Kismuz commented 5 years ago

@developeralgo8888 , as deeper I get in current industry and production state of algorithmic trading domain, it becomes evident to me that focus should be shifted toward clear, modular and abstract specification of trading tasks as environments and correct processing of underlying streams of financial data. While everyone is building algorithms and agents, correct (from ML pov) handling of financial data, especially high-dim Level II data is still an issue that IMHO really blocks correct implementation of state-of-the-art ML and RL algorithms.

developeralgo8888 commented 5 years ago

Hey Kismuz, i agree with you . It has to be modular . Ray and perhaps Intel Coach are the libraries that are very modular that can be used. What is needed is the financial data ingestion and processing modules for Level 1 and 2 stock data , Forex and Bitcoin plus live trading modules that work. It has to be complete end-to-end RL trading pipieline . Most of the other state of the art modules or pieces like agents, algorithms & architectures are already available in various libraries and github repos as a starting point.

developeralgo8888 commented 5 years ago

current btgym structure

This is how distributed training is currently organised. One of my goals is modify it to natively fit Ray setup. Everything inside blue area fits almost seamlessly. Possibly removing DataServer Process (use Ray Plasma Object Store instead?) and encapsulating BTGym Server functionality inside workers processes. Or, fully redefine BTgymServer as abstract environment driver process and let Ray manage it. Any thoughts on this?
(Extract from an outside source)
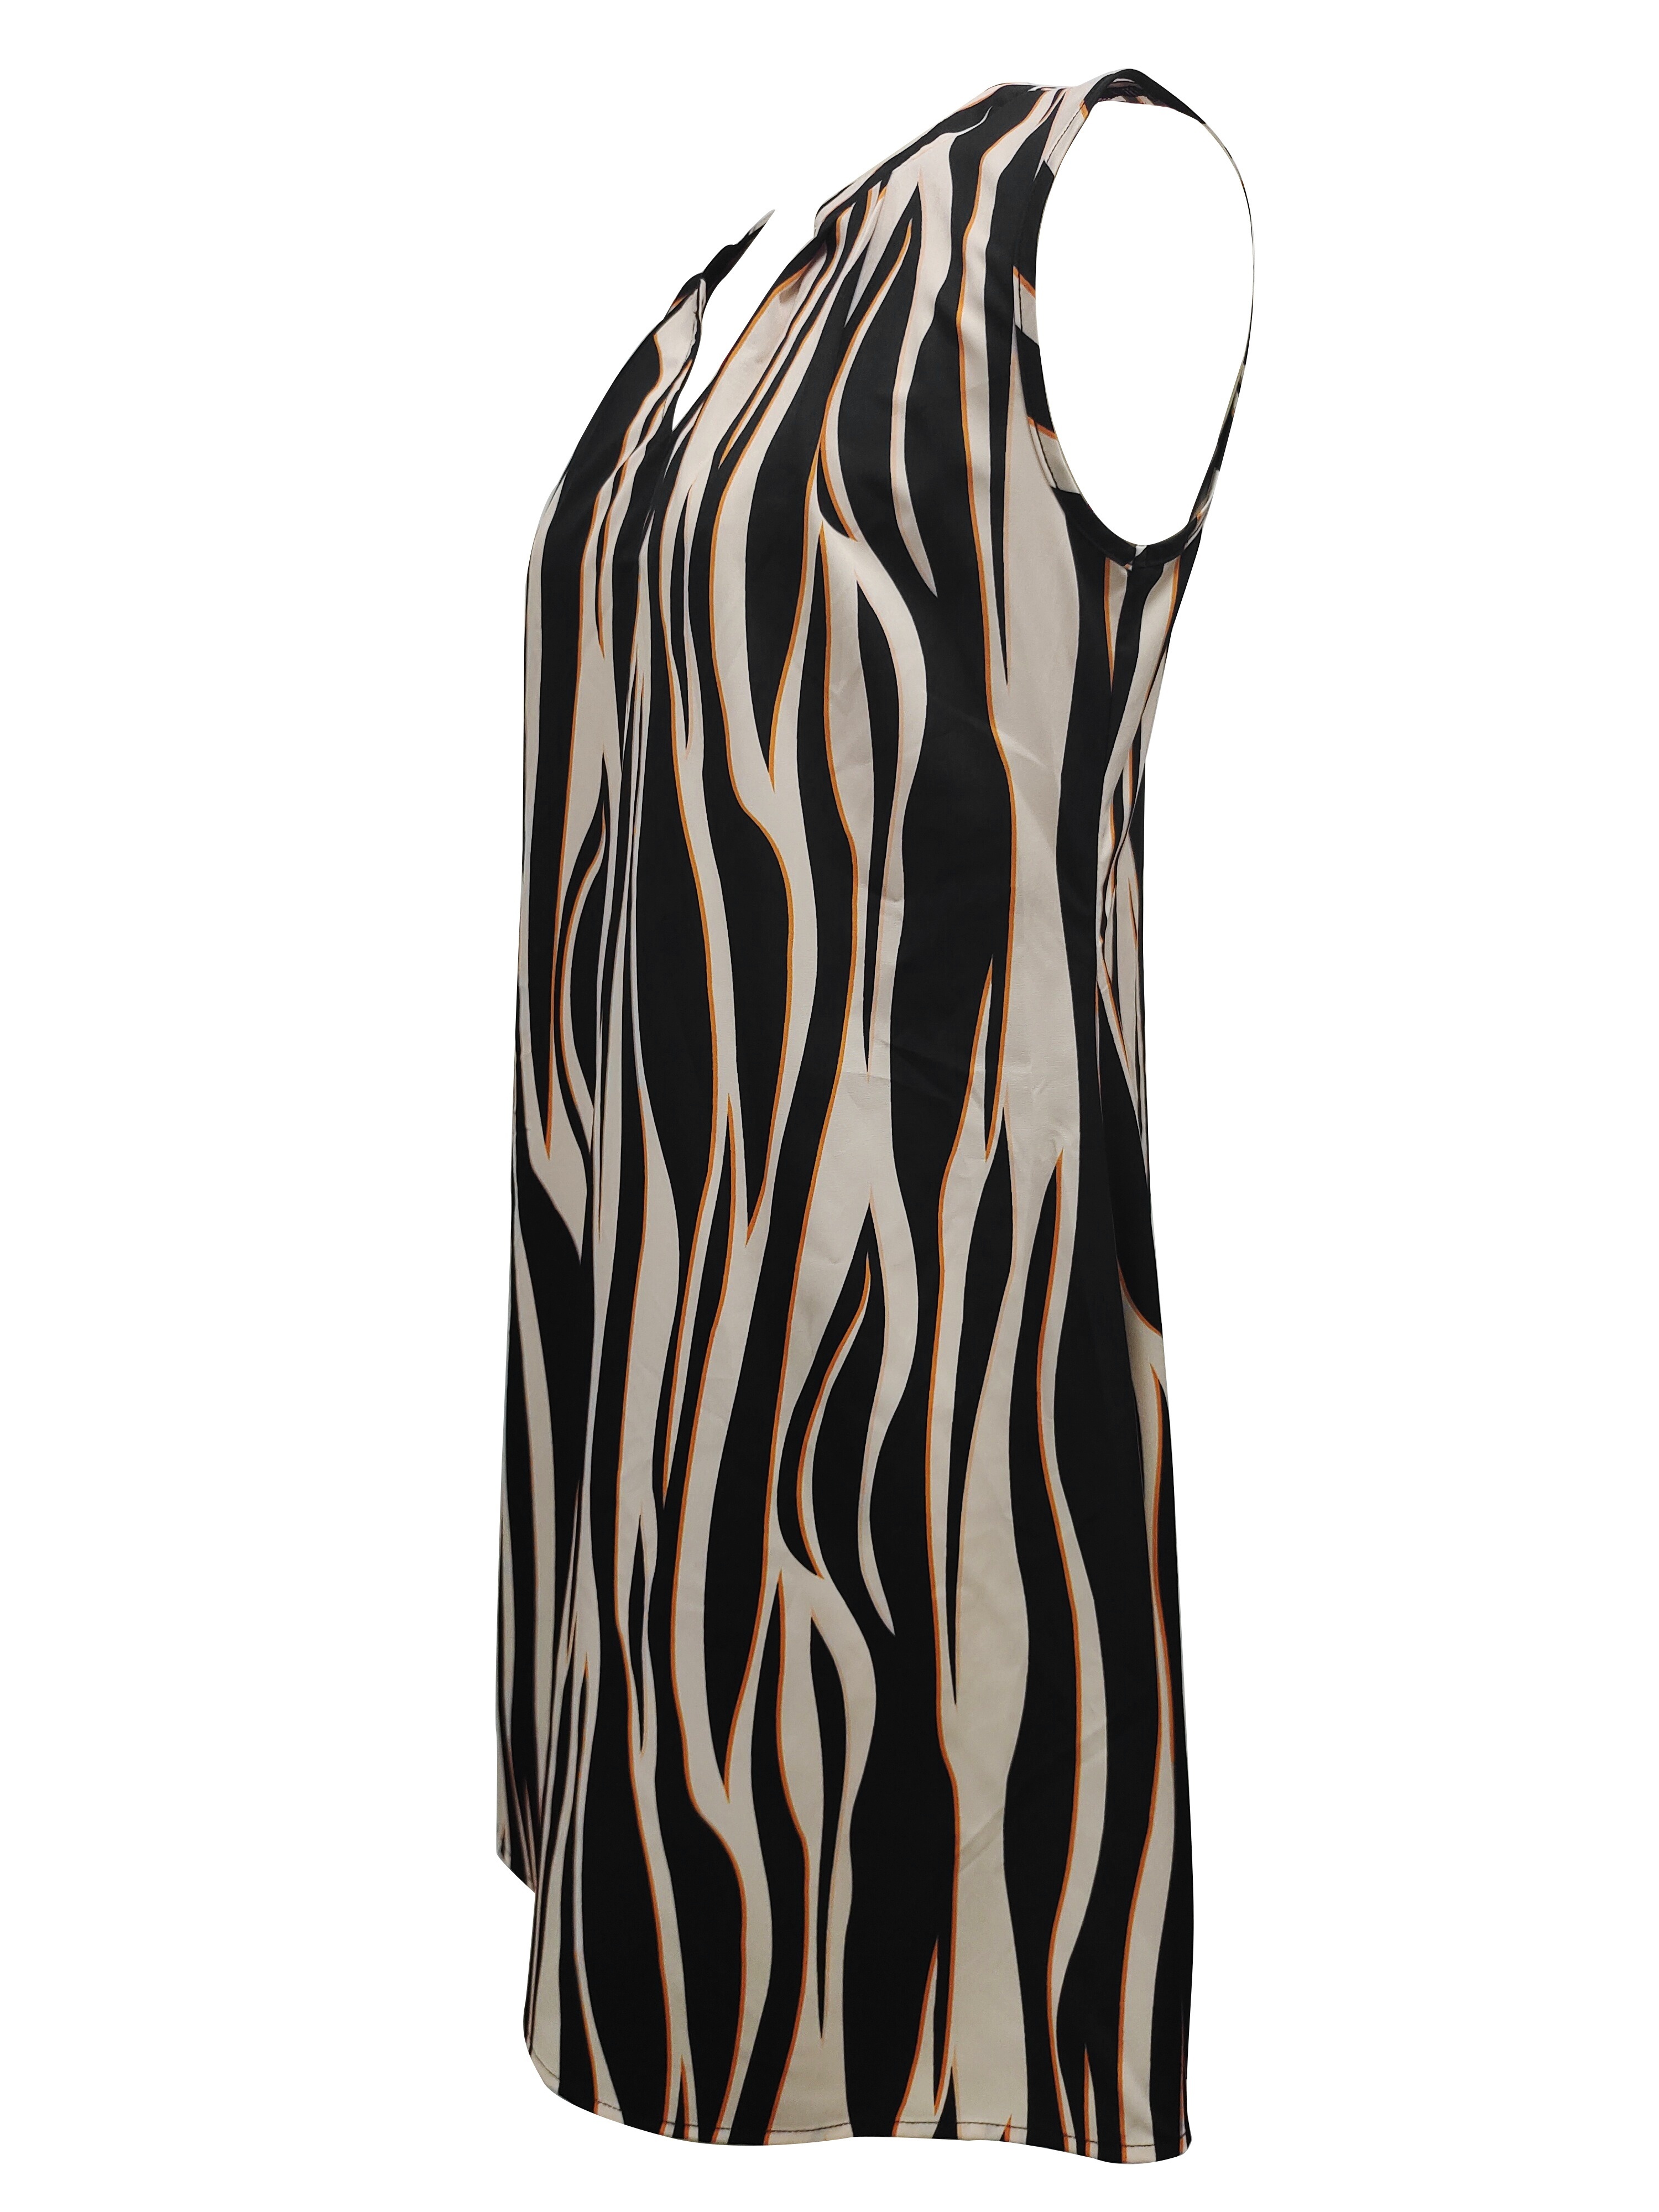 abstract ripple print dress casual v neck sleeveless dress womens clothing details 38

IMHO , Ray is an excellent RL Library , if you can natively and seemlessly let RAY handle most of the nuts and bolts that it does so well and then we can focus on the live data streaming ingestion , processing of live , historical and synthetic data , plus live trading modules that actually work

developeralgo8888 commented 5 years ago

Hey Kismuz, Have you already written the code for BTGym 2.0 that you can publish ? i am thinking of making a modular version of improved BTGym version but completely based on TF, Ray and modin and a few sprinkles of stable-baselines code but following the Modular architecture of Ray and Intel Coach patterns

Thanks for great work

Ray-0403 commented 5 years ago

waiting for the release of this great project🍾

Kismuz commented 5 years ago

@developeralgo8888 , @Ray-0403 and everybody, First, I want to apologize for the absence of proper BTGym issue support for past three months. Currently I"m involved in full-time ML research for an algo-trading domain. This fact leaves virtually no time for timely project support and development. From the other hand, thanks to my current job, my vision of a future RL-trading framework has undergone substantial change toward more realistic production-level system. Is it turned out, when financial domain is considered, transfer to production phase (live trading) is quite complex (to say at least) even for relatively simple models (like classificators). This involves proper historic and live data handling and feature extraction, continuous model retraining add deploying control etc. So no, there is no new code since I only recently started to figure out principal approaches to handling such complicated dataflows etc.

kivo360 commented 5 years ago

Does this mean you'll completely stop? It was gaining steam.

JaCoderX commented 5 years ago

@Kismuz, Is there a way to help out/contribute on the new project?

Kismuz commented 4 years ago

Closed due to long inactivity period.